EC: Nós gostaríamos de perceber e ouvir do Governo tudo aquilo que foi feito no ano passado, mesmo as intervenções do Fundo Monetário Internaciona (FMI) em relação a questão salariais. O que é que o Governo está a fazer realmente para poder ter uma massa salarial controlável, ajustável e de menos impacto nas receitas? O Governo fez auditorias à TSU e nós não sabemos quais são os resultados dessa auditoria - o que é que aconteceu, quanto é que reduziu na massa salarial? O Governo sabe da existência de funcionários fantasmas, principalmente no setor da defesa, mas não só. E o que é que está a fazer para resolver essa questão? Existe uma auditoria? O que é que está a acontecer?
Nós estamos num Governo, que tem uma gestão muito silenciosa, uma gestão oculta, uma gestão que não comunica com a população.
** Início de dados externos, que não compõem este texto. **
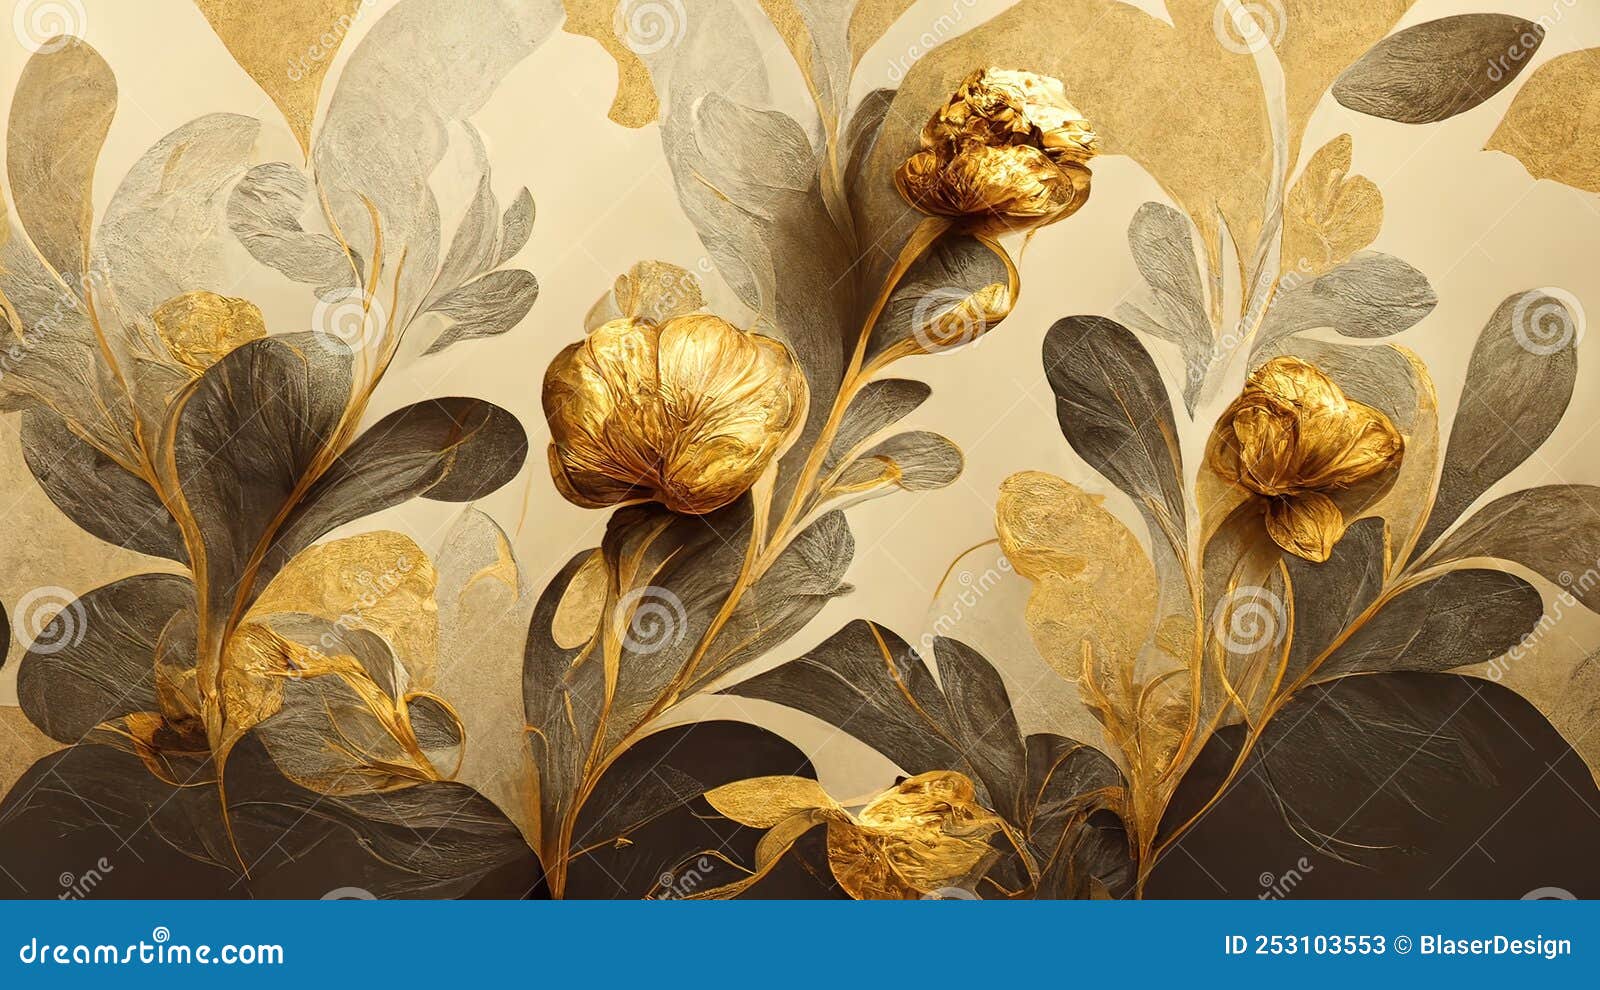 4K Golden Floral Background, Abstract Vintage Flower Design, Mural Art,  Gold Nature Stock Illustration - Illustration of pattern, food: 253103553

Falta a explicação ao público em relação a tudo aquilo que já foi feito nos anos anteriores para poder reduzir a massa salarial.
DW África: Na sua opinião, o que poderia o Governo de Daniel Chapo fazer de diferente?
Algumas coisas já está a fazer. O Presidente Chapo tem-se mostrado um pouco mais comunicativo nos meios de comunicação. Tem recebido algumas congregações, algumas instituições, tem dialogado com essas instituições, mas ainda é muito pouco. E há uma contradição em relação àquilo que o próprio Presidente faz, pois essa abertura que o Presidente está a dar não é visível no seu próprio Governo. E um dos exemplos é que temos um PESOE 2025 que não foi debatido ao nível da sociedade civil.